Uno de ellos es el de Pablo Martín Ismael, condenado en 2019, por homicidio culposo, a dos años de prisión en suspenso y 5 años de inhabilitación para la conducción de vehículos.
En el legajo de seguimiento de la pena accesoria a Ismael, se descubrió que durante el citado periodo el automovilista no solo cometió diversas infracciones de tránsito sino que -y lo más llamativo del caso-, el 29 de diciembre de 2022, se le renovó la licencia de conducir en las oficinas municipales mientras la citada inhabilitación aún estaba vigente.
Ismael, así como Crocetti, está siendo sometido a una nueva causa judicial por el incumplimiento detectado.
Si la Justicia, como se dijo, notifica regularmente a distintos organismos sobre este tipo de sanciones, algo falla en la cadena de control para permitir que el Ministerio de Transporte de la Nación otorgue las renovaciones de conducir a quienes, justamente, purgan una pena de inhabilitación para manejar automotores.
"Eso es grave, porque alguien renueva el carnet estando inhabilitado para conducir. Evidentemente hay una falla en ese tramo", comentó otra fuente tribunalicia.
Contoles de tránsito
¿Y qué pasa en los controles de tránsito? Desde la Policía de nuestra ciudad se informó que la sanción de impedimento para conducir debe verificarse a través del sistema informático que se utiliza, por caso, para detectar a las personas que tienen pedido de captura y/o averiguación de paradero.
Sin embargo, no es sencillo de individualizar por otros factores.

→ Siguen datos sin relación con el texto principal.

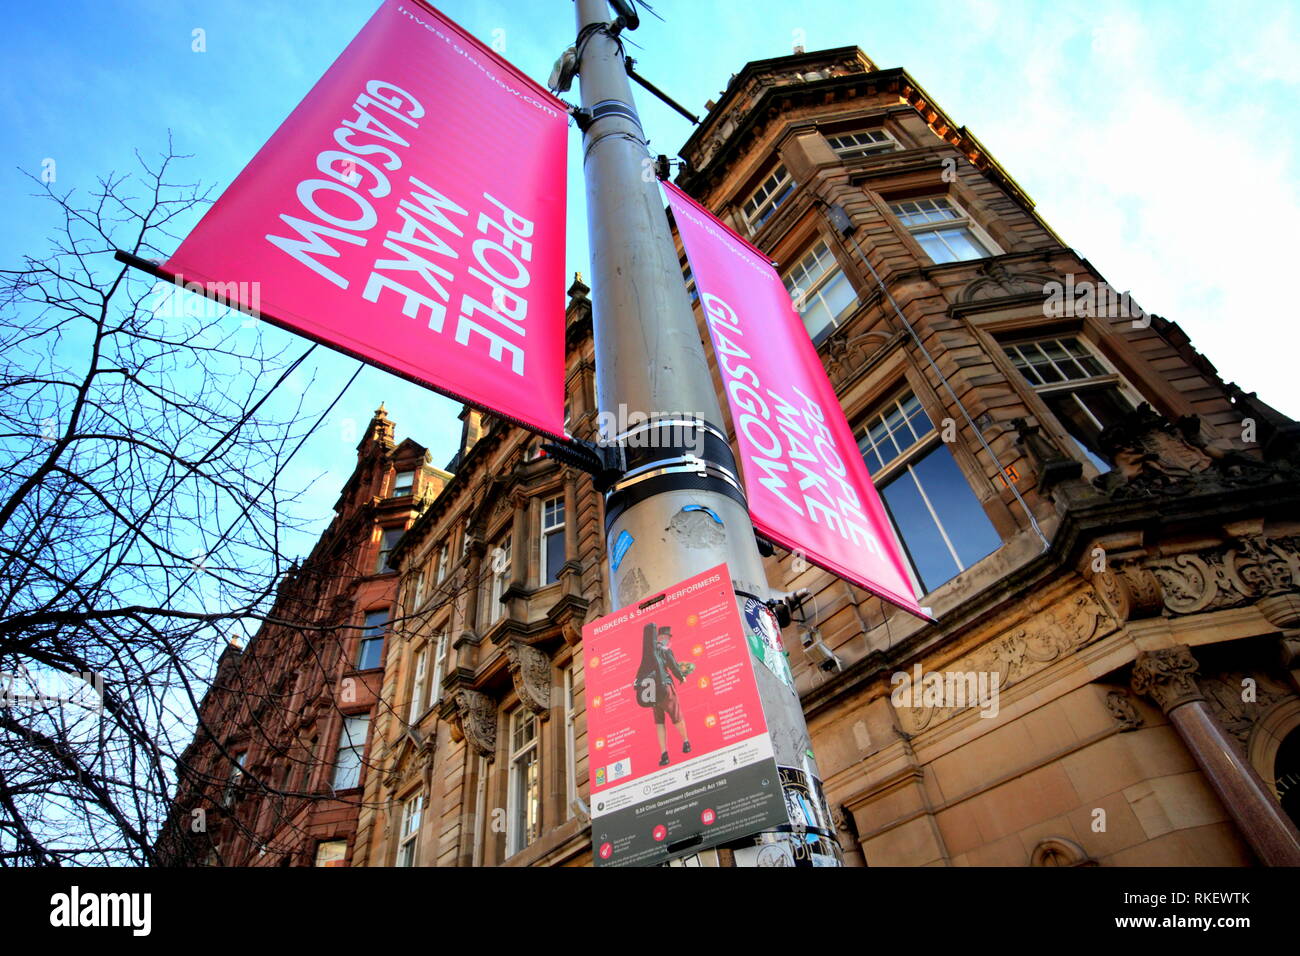 Glasgow, Schottland, Großbritannien, 7. Februar, 2019 ein Gaukler Charta wurde auf der Stadt Buchanan Street bekannt und durch den Rat als Stil Meile gefördert, um die unkontrollierte Tätigkeit der Straßenkünstler in der Innenstadt zu beschneiden. Zahlreiche Beschwerden über die Qualität und die Lautstärke mit einem Mangel an Auswahl hat der Rat einige Richtlinien für ungebetene Aufführungen zu setzen. Sogar die lokale Bettler beschweren sich darüber, dass die Straßen nicht ein schönes Hotel mit vielen Künstlern, die bis spät in die Nacht Gerard Fähre / alamy Leben Nachrichten werden Stockfoto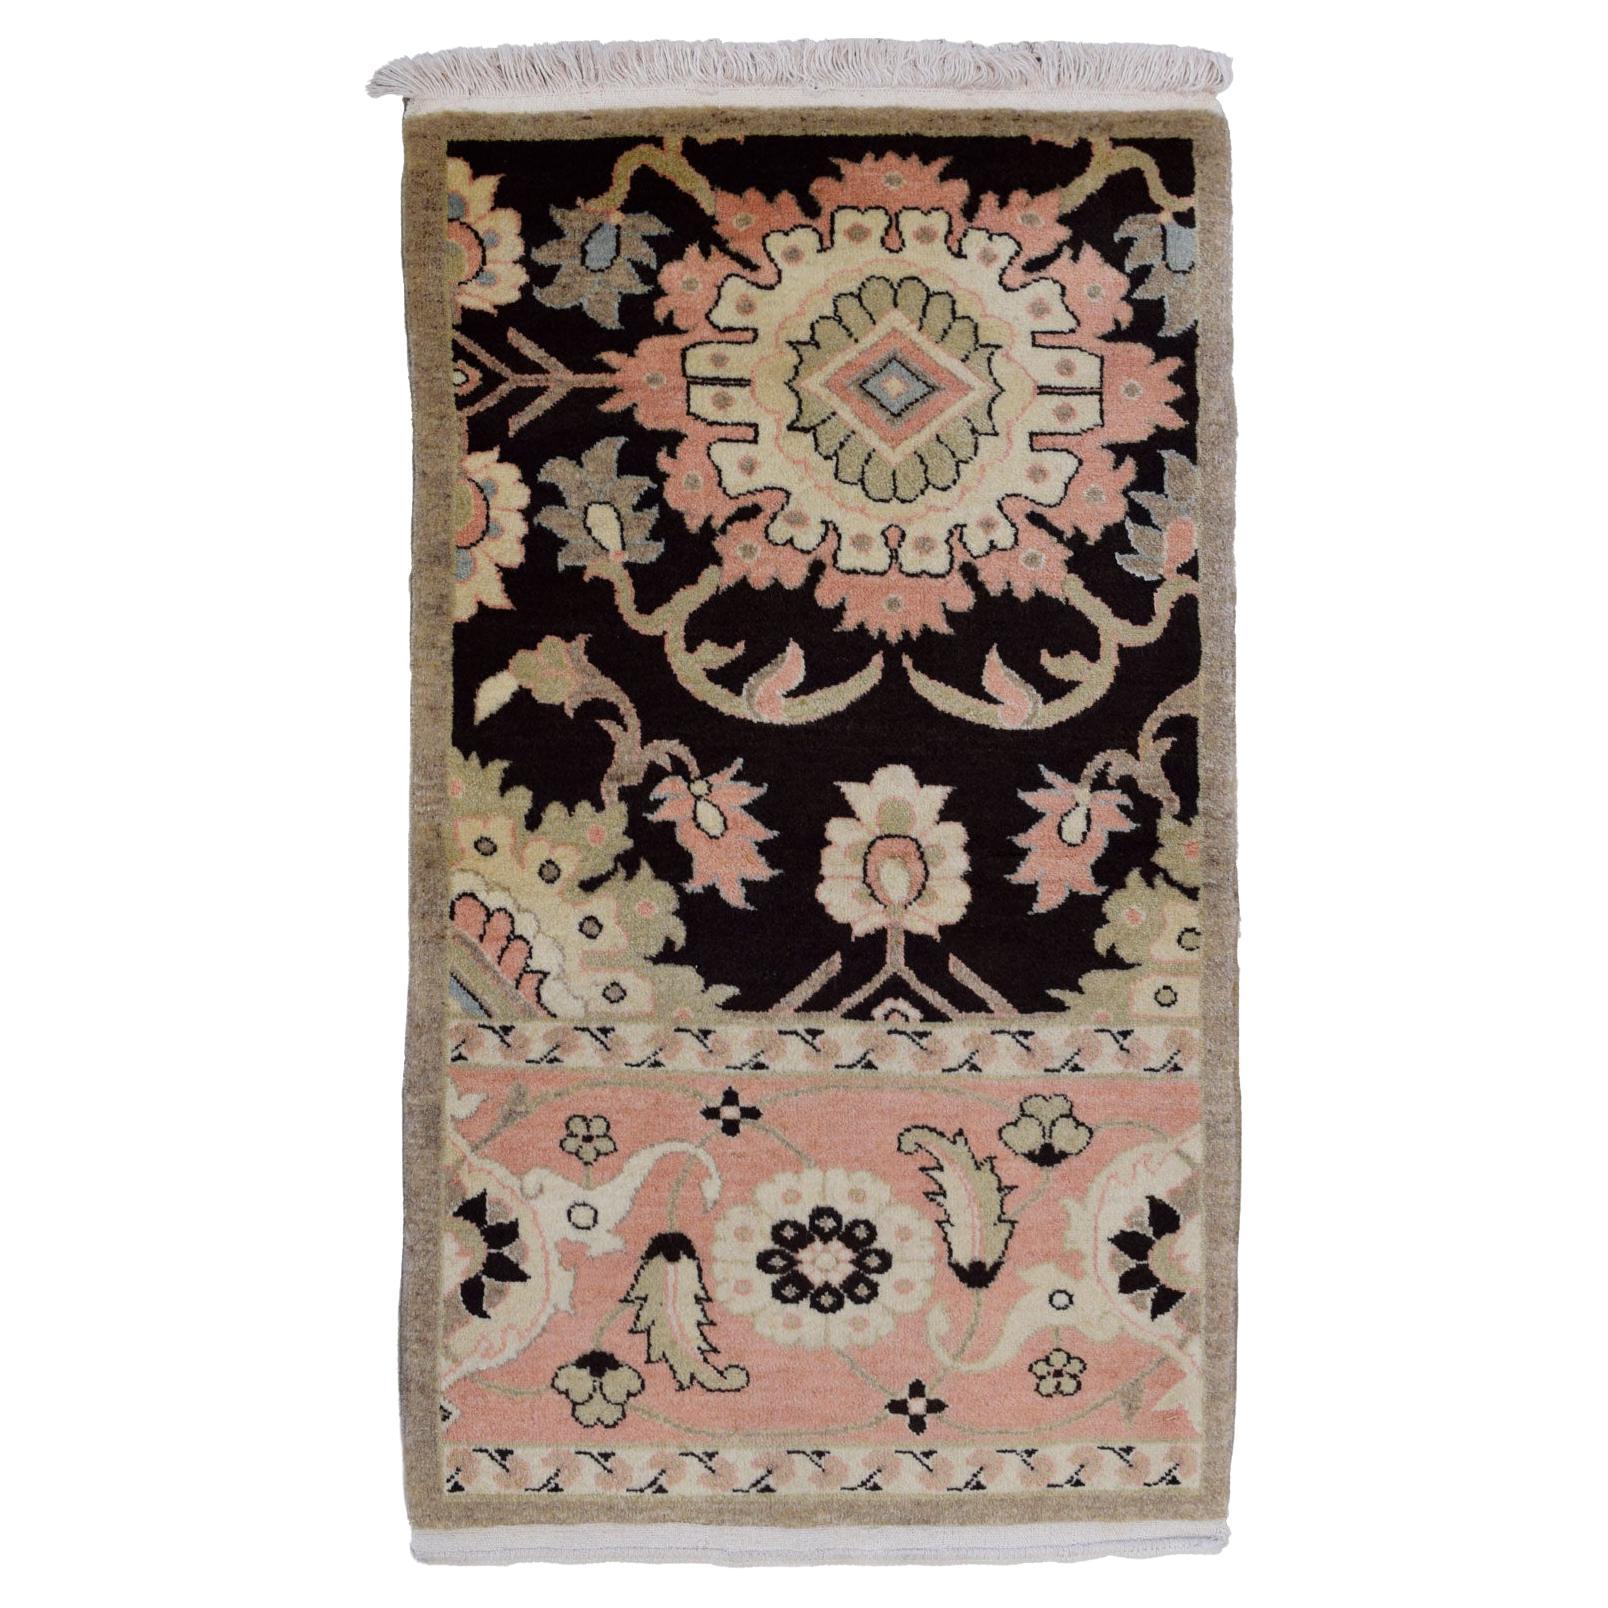 Wool Persian Farahan Rug, Pink, Black, and Gray, 2’ x 4’

"La persona que está inhabilitada y sigue conduciendo, si se la detiene en un operativo de tránsito, seguramente no tendrá la licencia, con lo cual el vehículo se puede retener por esa infracción. El problema surge si a esa persona le permitieron renovar la licencia y aparece 'en regla'", explicó una autoridad.
Retención de licencia
Control. Algunos juzgados de nuestra ciudad que analizan en juicio distintos hechos de tránsito comenzaron a retener la licencia de conducir al momento de dictar sentencia por delitos culposos, con inhabilitación para manejar para los que son considerados autores penalmente responsables del delito.
Reaseguro. Esa medida, si bien puede actuar como un reaseguro, solo llegaría a ser efectiva en la medida que el infractor condenado no se arriesgue a manejar sin licencia o la pueda renovar, tal como ha sucedido.
Casi 300. En Bahía Blanca y la región que compone su departamento judicial hay, en la actualidad, 284 personas con inhabilitación dictada por la Justicia, la mayoría para conducir. Son 133 que están a disposición del Juzgado de Ejecución Penal Nº 1 y 151, del Juzgado de Ejecución Penal Nº 2.